§ **Task brief**
The data below should be printed in full, exactly, and without any of its images.

§ **Exercise data**
::::

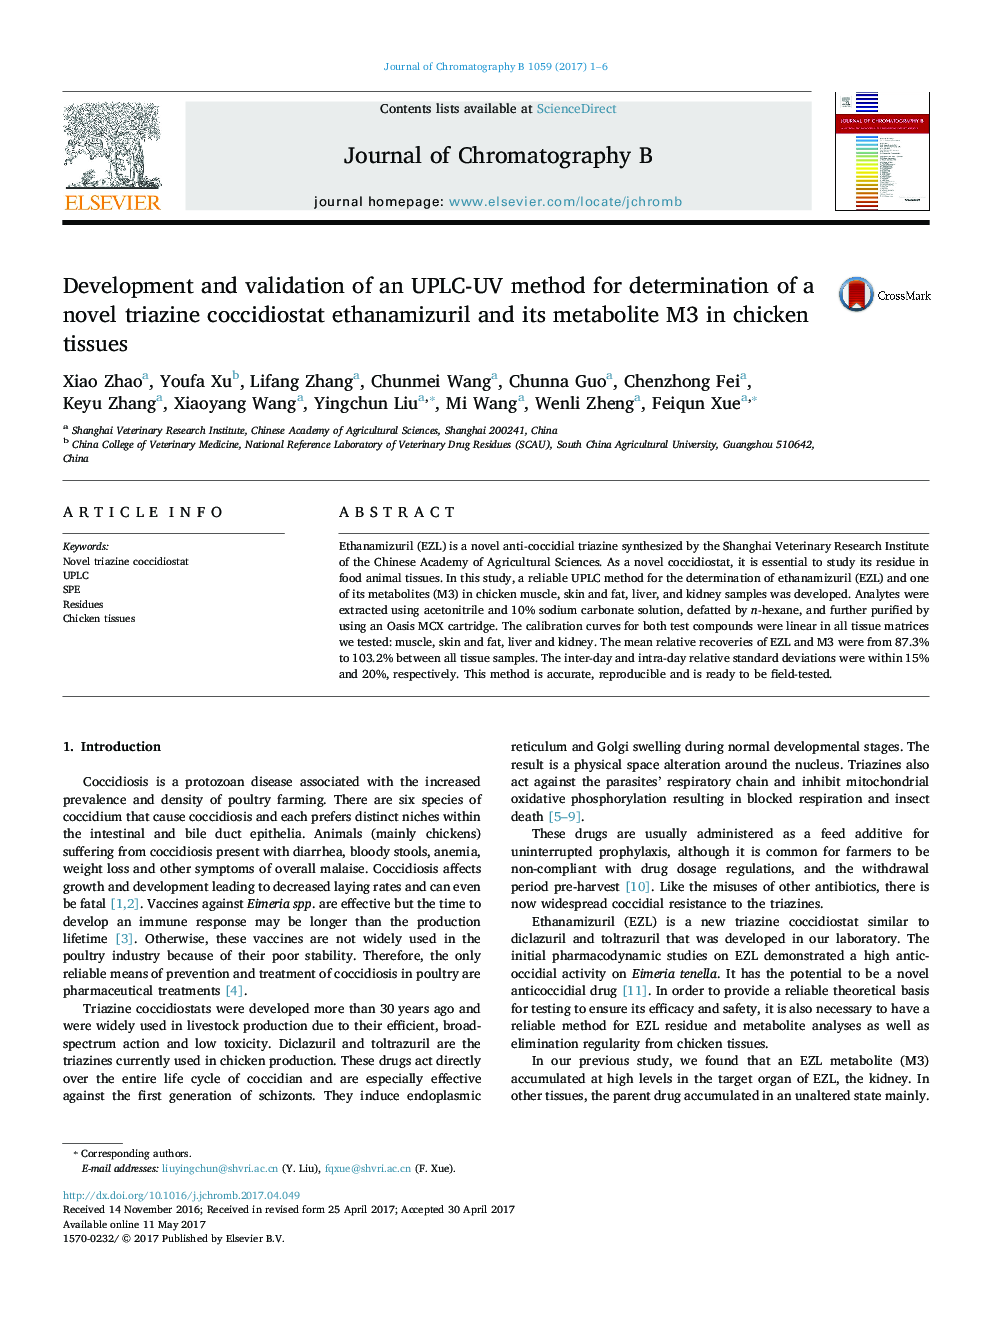 Development and validation of an UPLC-UV method for determination of a novel triazine coccidiostat ethanamizuril and its metabolite M3 in chicken tissues
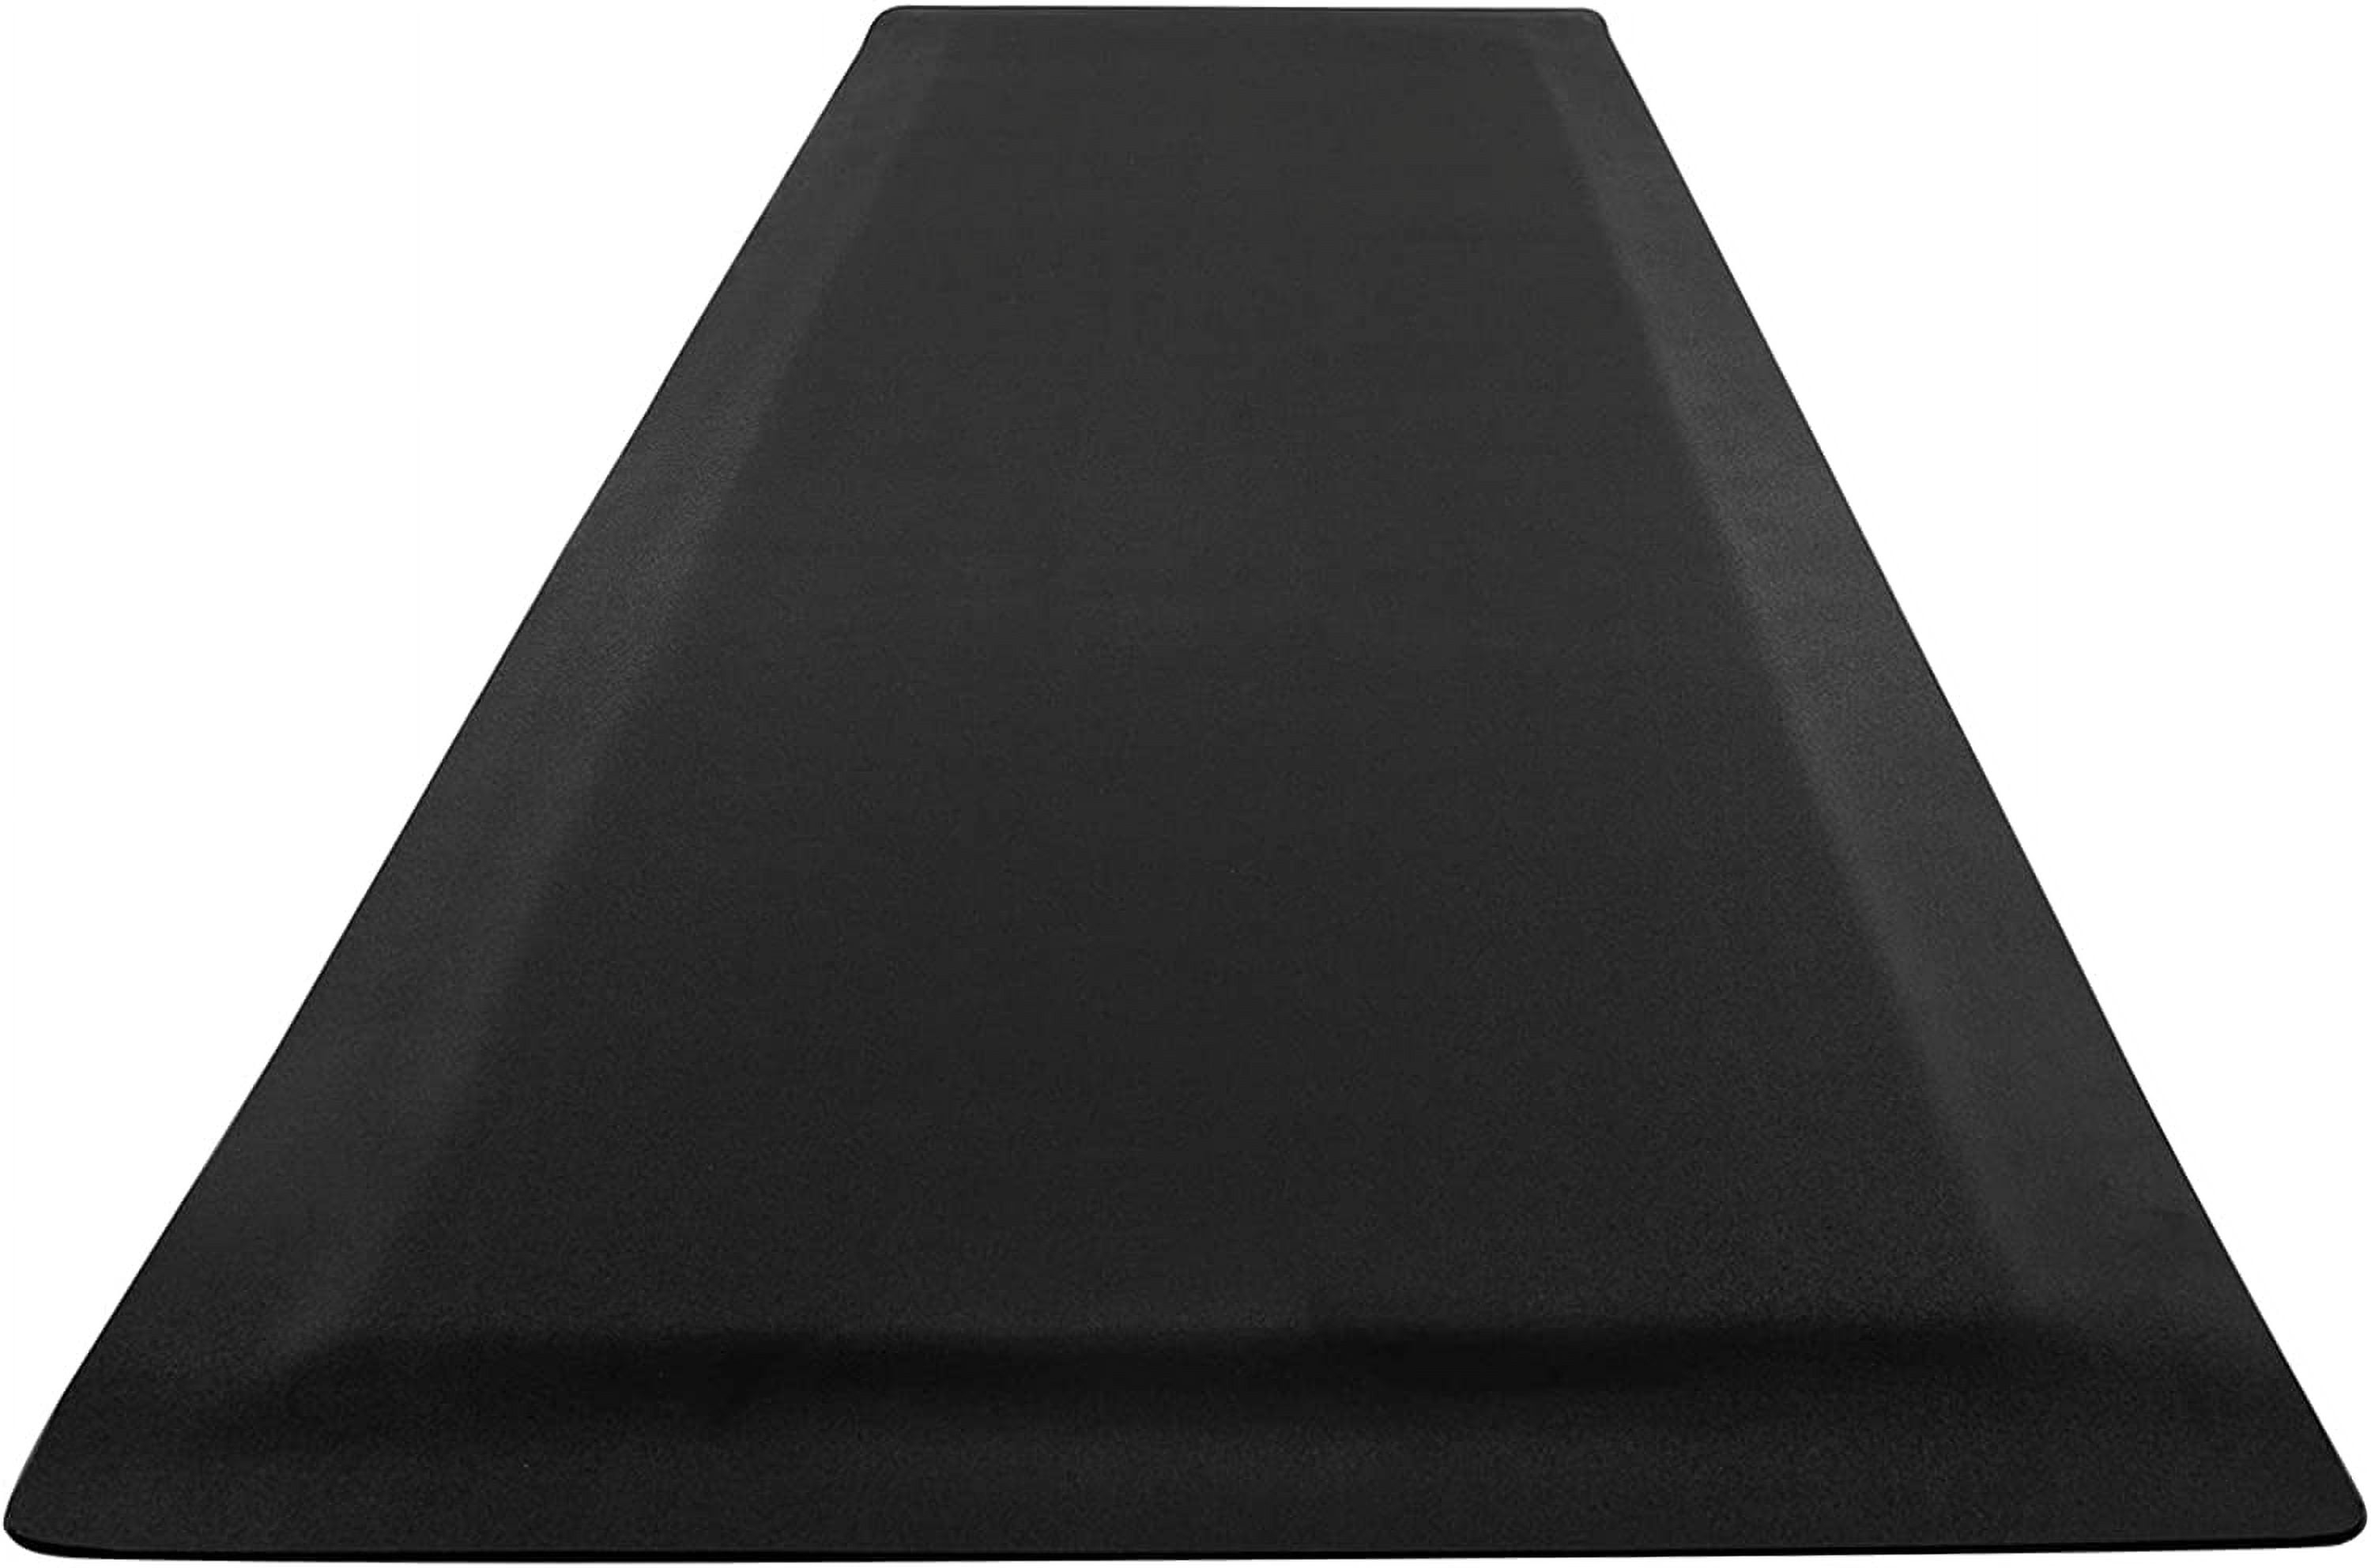 OMECAL 70x24x1/2 Thick Medical Bedside Fall Safety Protection Floor Mat  for Elderly Senior Handicap,Reducing Injury Risk and Impact, Prevent Bed
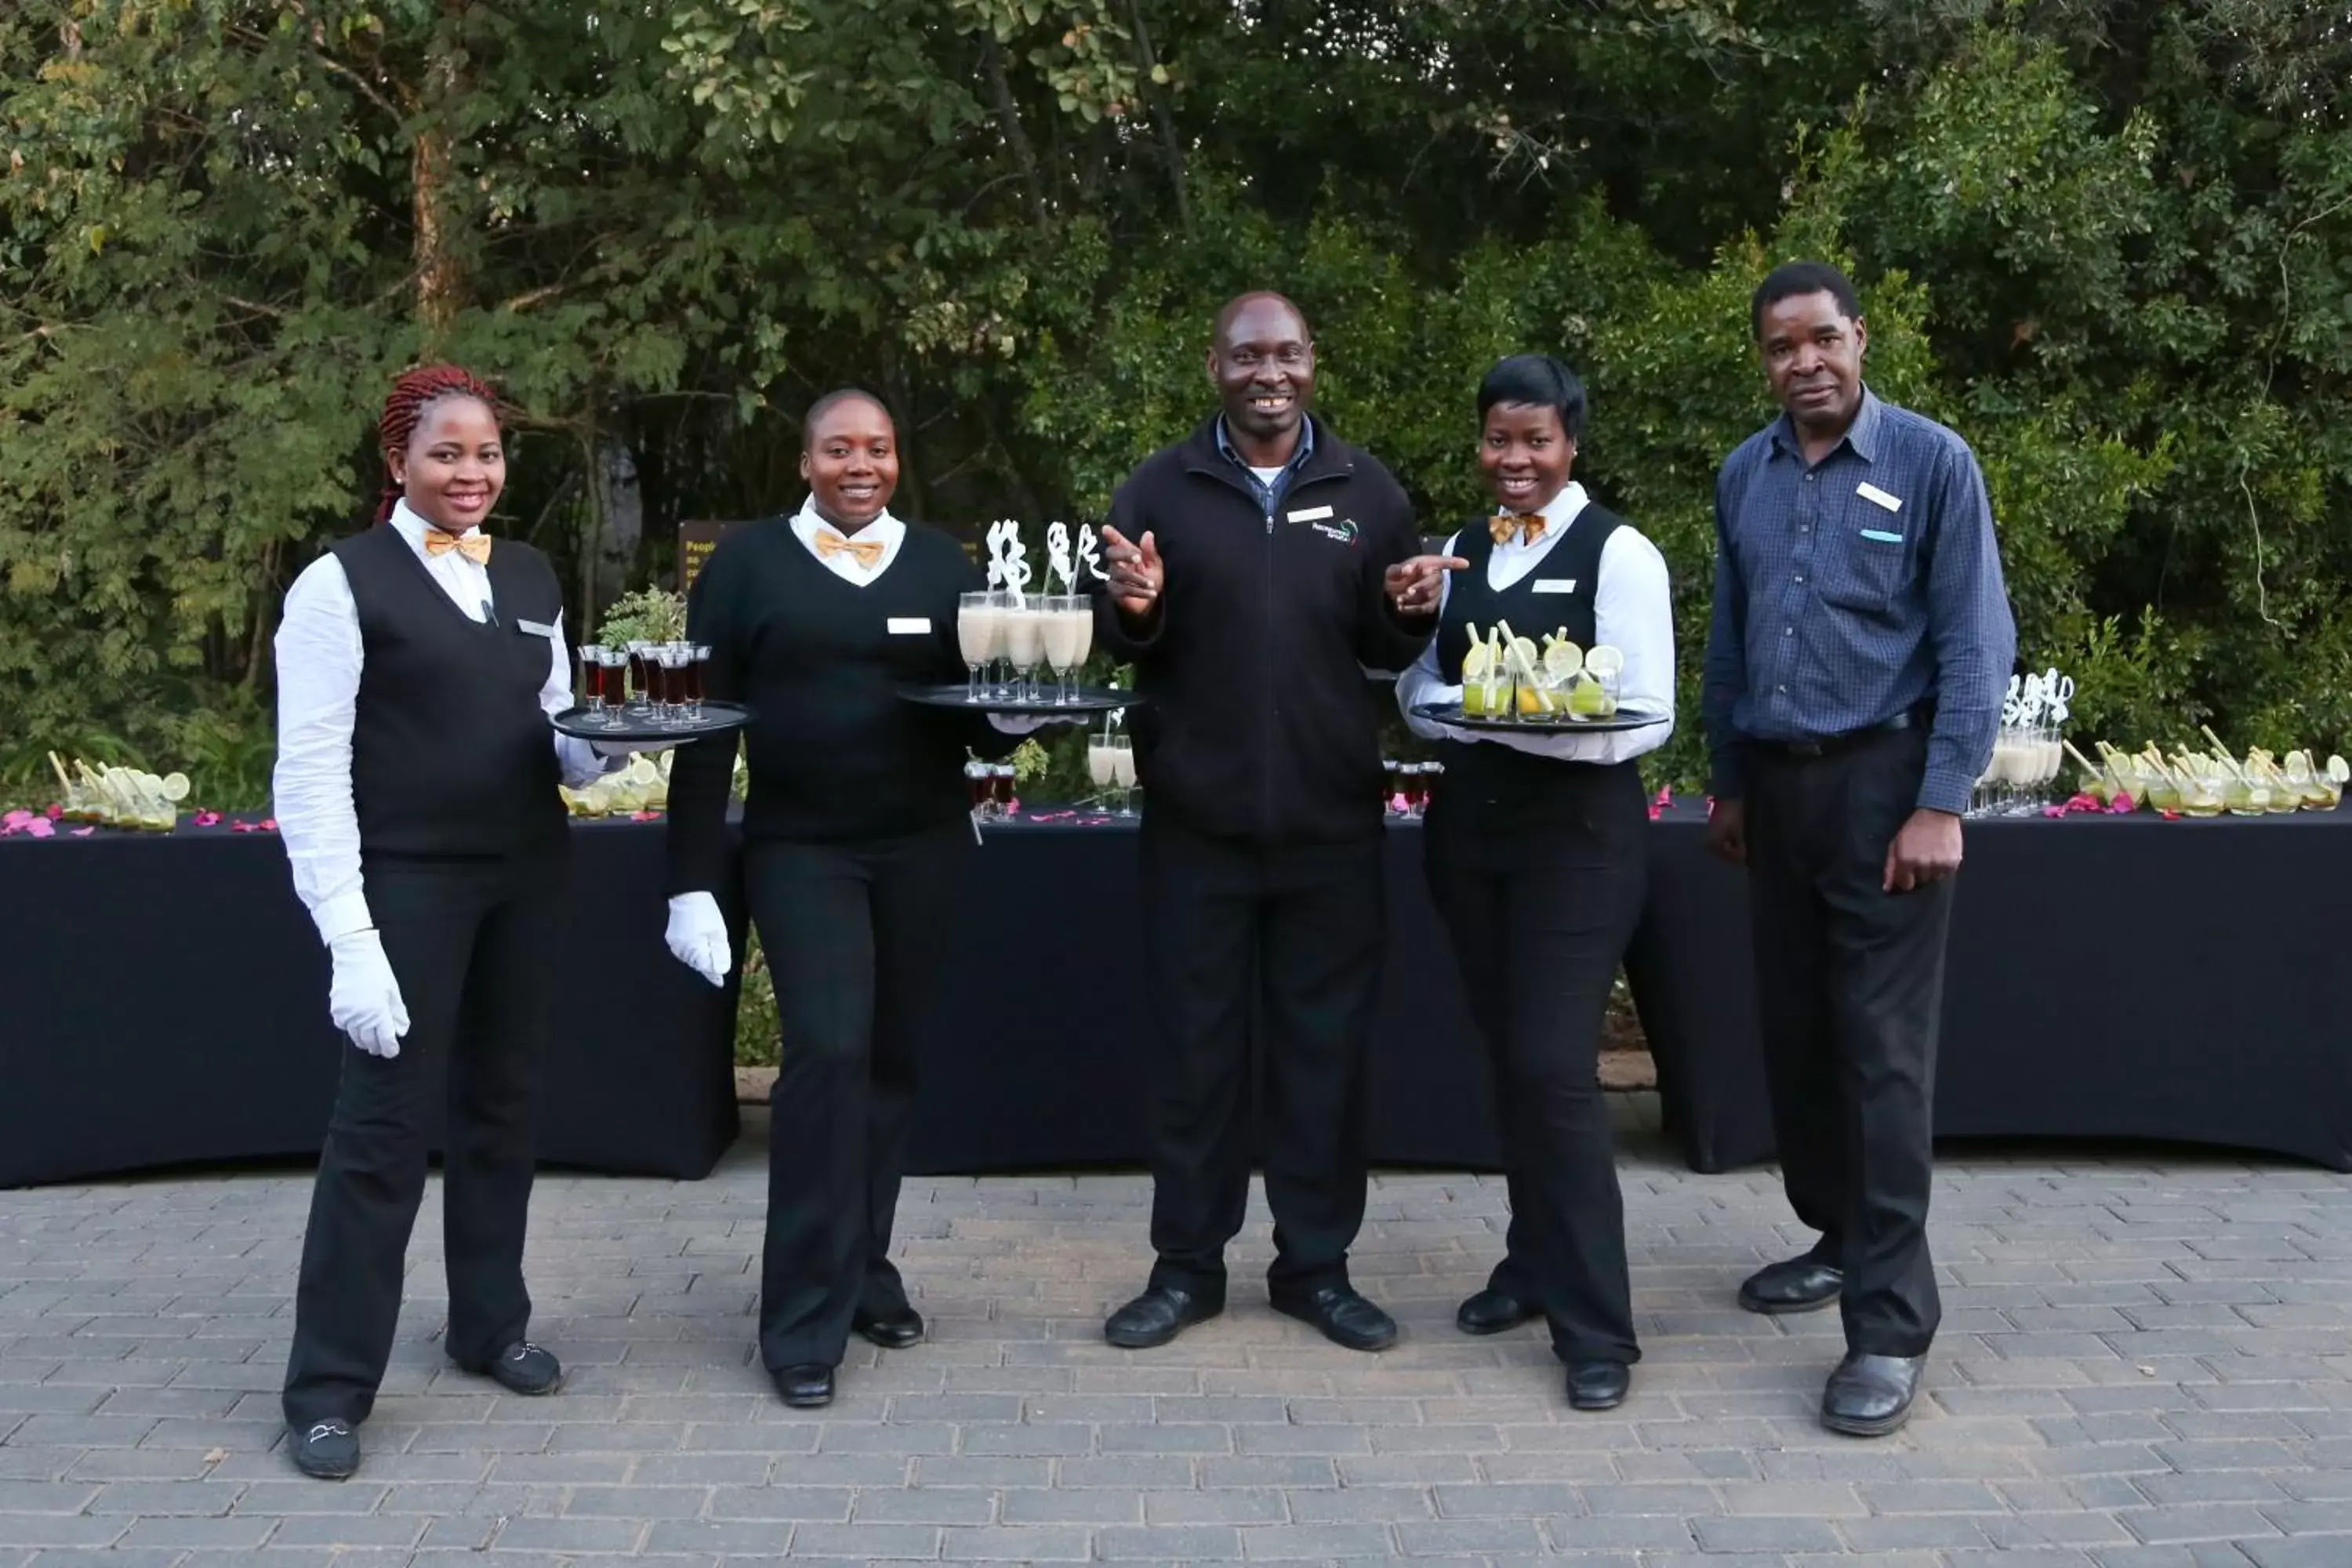 Staff in Misty Hills Country Hotel, Conference Centre & Spa

::::

§ **Answer for the task**
 Development and validation of an UPLC-UV method for determination of a novel triazine coccidiostat ethanamizuril and its metabolite M3 in chicken tissues
 OMECAL 70x24x1/2 Thick Medical Bedside Fall Safety Protection Floor Mat  for Elderly Senior Handicap,Reducing Injury Risk and Impact, Prevent Bed
 Staff in Misty Hills Country Hotel, Conference Centre & Spa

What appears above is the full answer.